In one of his shows, he would introduce himself wearing funny and sloppy clothes, honking a hand honk to declassify participants, while joking and mocking them with then famous expressions such as "Teresinha!", "Eu vim aqui pra confundir, nao pra explicar!" ("I came here to make you confused, not to explain!") and "Quem nao se comunica, se trumbica!" ("Whoever doesn't communicate, gets in trouble!").

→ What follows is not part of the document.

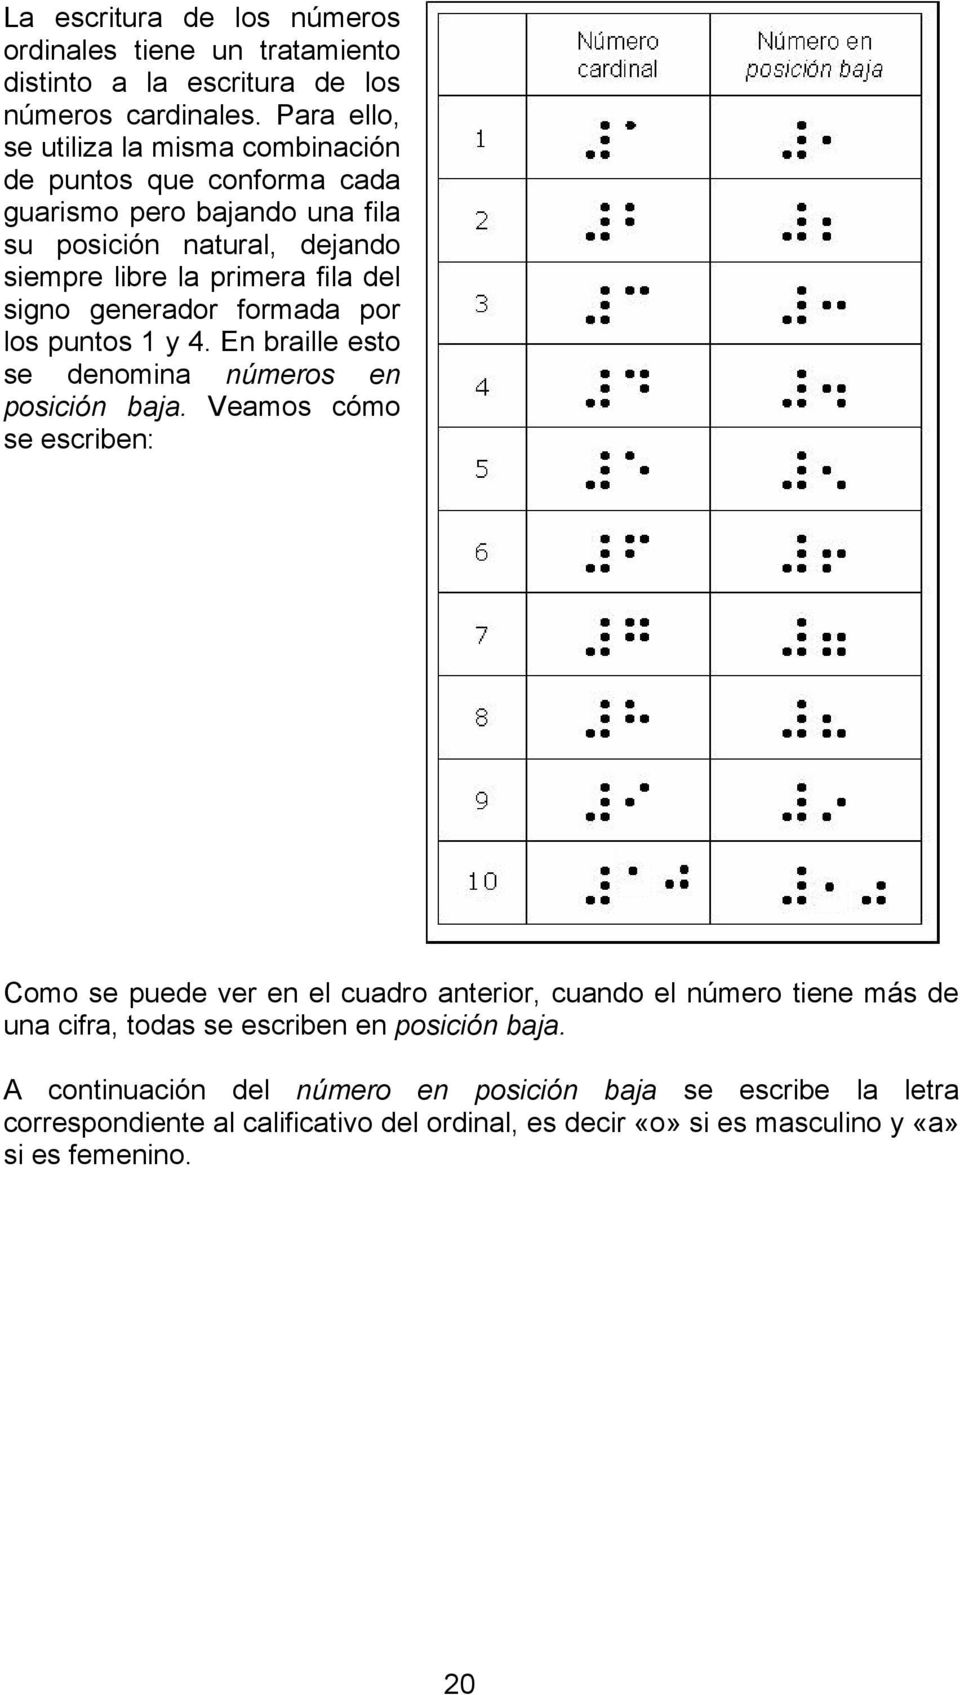 signo generador formada por los puntos 1 y 4. En braille esto se denomina números en posición baja.

In an interview, Chacrinha explained that the non-sense expression "Teresinha!" came from one of his sponsors, a bleach product called Clarinha. He would advertise them and by the end he would say "Clarinha, Clarinha.". He said that the public liked how that sounded somehow, and when the sponsorship was over, he decided he needed something to substitute. That's when Teresinha came up.

== Chacretes and judges ==
The judges would help him maintain the fake party climate. Another element for the success of his shows were the Chacretes, professional dancers that would make choreographs to the music and cheer up the show.

== Carnival and death ==
Annually, Chacrinha would release at his show a new Carnival hit. Known as Velho Guerreiro (Old Warrior), in 1987, the Samba School Imperio Serrano made him a homage. That was the only time he participated in a carnival parade. In 1987, he received the title of Doctor Honoris Causa. On his seventieth anniversary, the then Brazil's president Jose Sarney hosted a dinner in his honor.

In 1988, already sick, he was substituted in some of his shows by João Kléber. He would return in June of the same year. He died on June 30, 1988, at 11:30 pm, from a heart attack and throat cancer. His last show was aired on July 2, 1988.

== Curiosities ==
When cod was not selling well in a store called Casas da Banha, his sponsor in TV Tupi, he decided he would try to revert the situation. During the show, he would turn to the public and ask "Do you want codfish?!" and then would throw a codfish to the auditorium, where the public would fight for the product. The sales exploded. He explained "Brazilians like to receive gifts".

In the lyrics of his 1969 hit song, "Aquele Abraço," the Brazilian MPB singer-songwriter Gilberto Gil included an homage to Chacrinha, writing "Chacrinha keeps on swinging his belly and honking his horn at the girls...Hello, hello, Mr. Chacrinha, old warrior."

== In film ==
On October 30, 2009, a documentary film about Chacrinha was released in Brazil. The film, directed by Brazilian filmmaker Nélson Hoineff, was titled Alô Alô Terezinha (a nonsense expression constantly cited by Chacrinha in his TV shows).

"Chacrinha, o Velho Guerreiro" a biopic directed by Andrucha Waddington, was released in 2018, with Stepan Nercessian in the title role.